The wheel of ruffed grouse habitat administration turns slowly. Blame for the downfall of those lovely birds can’t be positioned totally on one occasion. Nevertheless, with out motion, it’s clear that the present developments will proceed to creep in direction of eradication.
Through the years, my grandfather and father, together with many different hunters, stopped grouse looking because of the reducing inhabitants. As I grew older, the tales my grandfather advised shifted from awe-inspiring to dreary and bleak. The story he tells most frequently now’s of one of many final Appalachian ruffed grouse hunts of his life, which passed off within the early 2000s. He, a bunch of different males, and half a dozen of their canines hunted a 1,000-acre plot of personal land. Though they hunted it for a number of days, that they had no factors or flushes.

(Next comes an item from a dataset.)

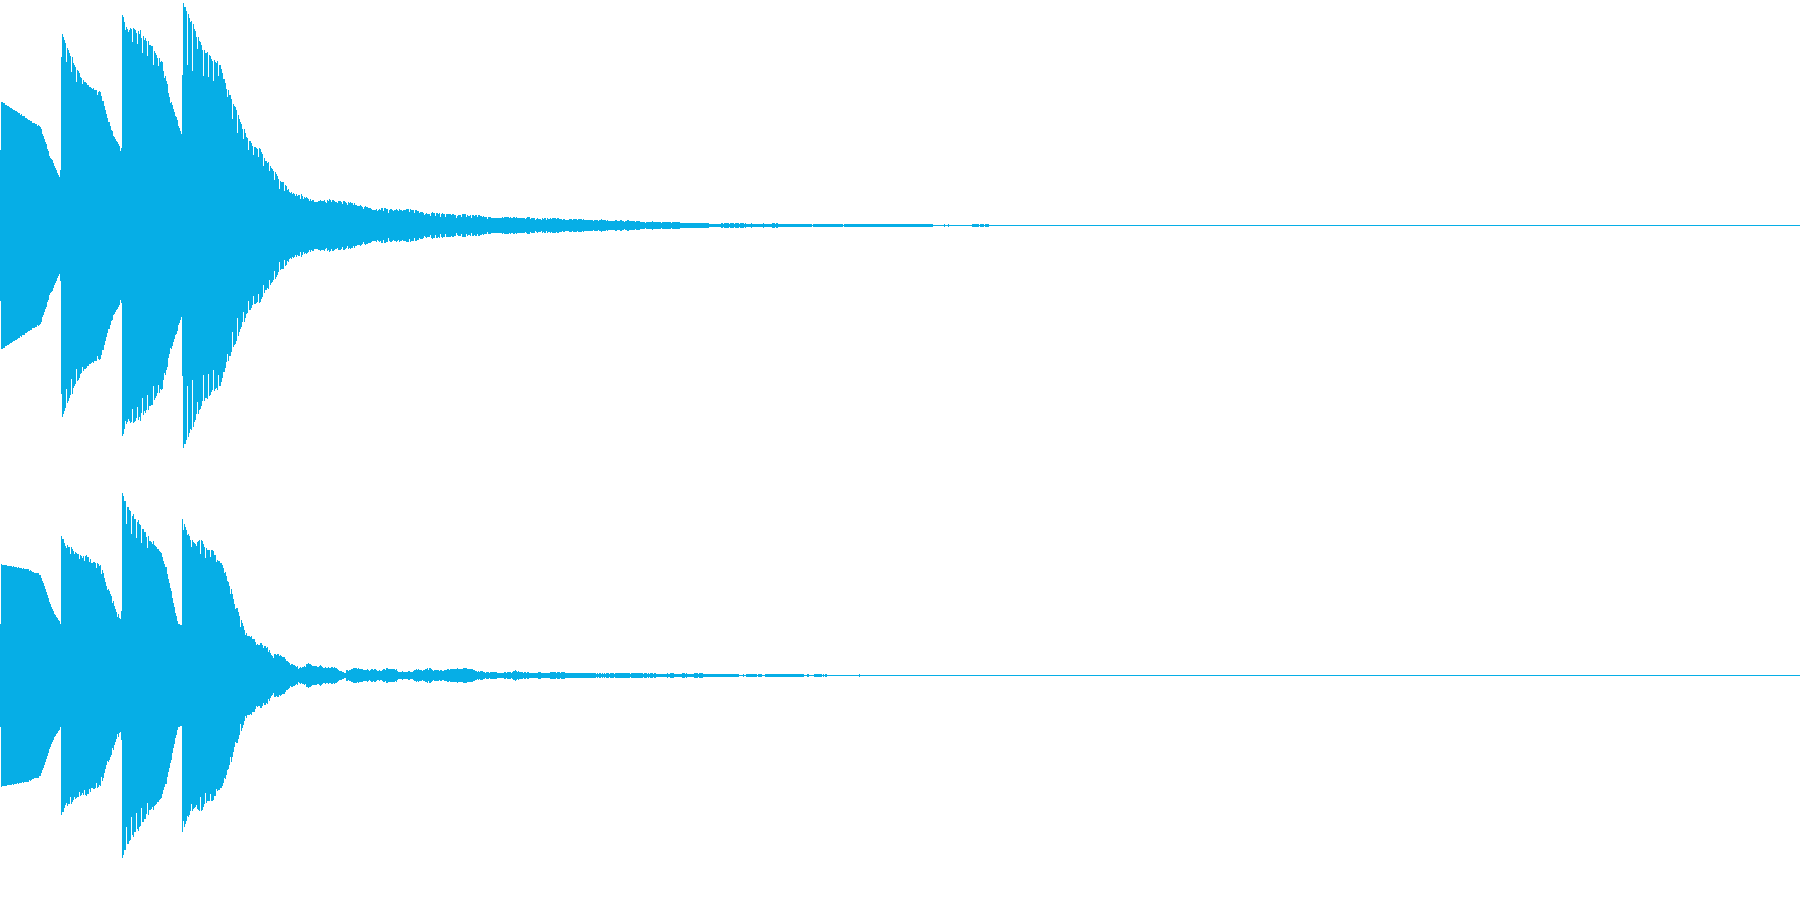 Quiz 美しい残響の正解ピンポン音 1の再生済みの波形

Final fall, I had my first probability to chase these birds in a setting that provided the potential for fulfillment. Unsurprisingly, this chance got here with the identical two males who impressed me to pursue the game within the first place.
My grandfather, father, and I marched into one of many many island mountain ranges in Montana seeking bringing tales of wholesome ruffed grouse populations into our actuality. With the consequences of age limiting each my grandfather and father, the mountains proved to be tough terrain. I hiked up hillsides, working my Vizsla pet by way of thickets of dense hawthorn whereas they paralleled the creek.
A lot to my shock, the canine screeched to a staunch level. I yelled down to make sure everybody knew of the purpose. I eased ahead, softly woahing and patting my pup on the pinnacle as I handed by him. With out warning, three ruffed grouse thunderously erupted from below the bush in entrance of me. They glided down the hill towards my grandfather. Pictures rang from his double-barreled 20-gauge, and two of the birds crumpled as the masses met their flight path. A strong retrieve and return at hand turned the web page on a lifelong dream of mine.


As I pulled my sweat-stained socks off my blistered ft on the tailgate, with our three ruffed grouse and my pup beside me, I noticed that not one of the different birds we harvested on this journey meant an oz as a lot as these. Not due to the meat or the canine work, however for the reminiscence, the camaraderie, and the hope it instilled for ruffed grouse populations within the southern Appalachians.
In the future, God keen, I’ll discover myself within the hills chasing these magnificent birds with my son and grandson. I hope that it’s in my residence state of Virginia, on the identical hills that I as soon as shared with my father and grandfather. I hope that I can keep in mind the fruitless hours and miles of my youth as a fond reminiscence—a low level within the hopeful underdog story of the Appalachian ruffed grouse. However I do know, as I presume many others do, that to ensure that that to occur, we’ll have to present our conservation practices nothing wanting a trial by fireplace.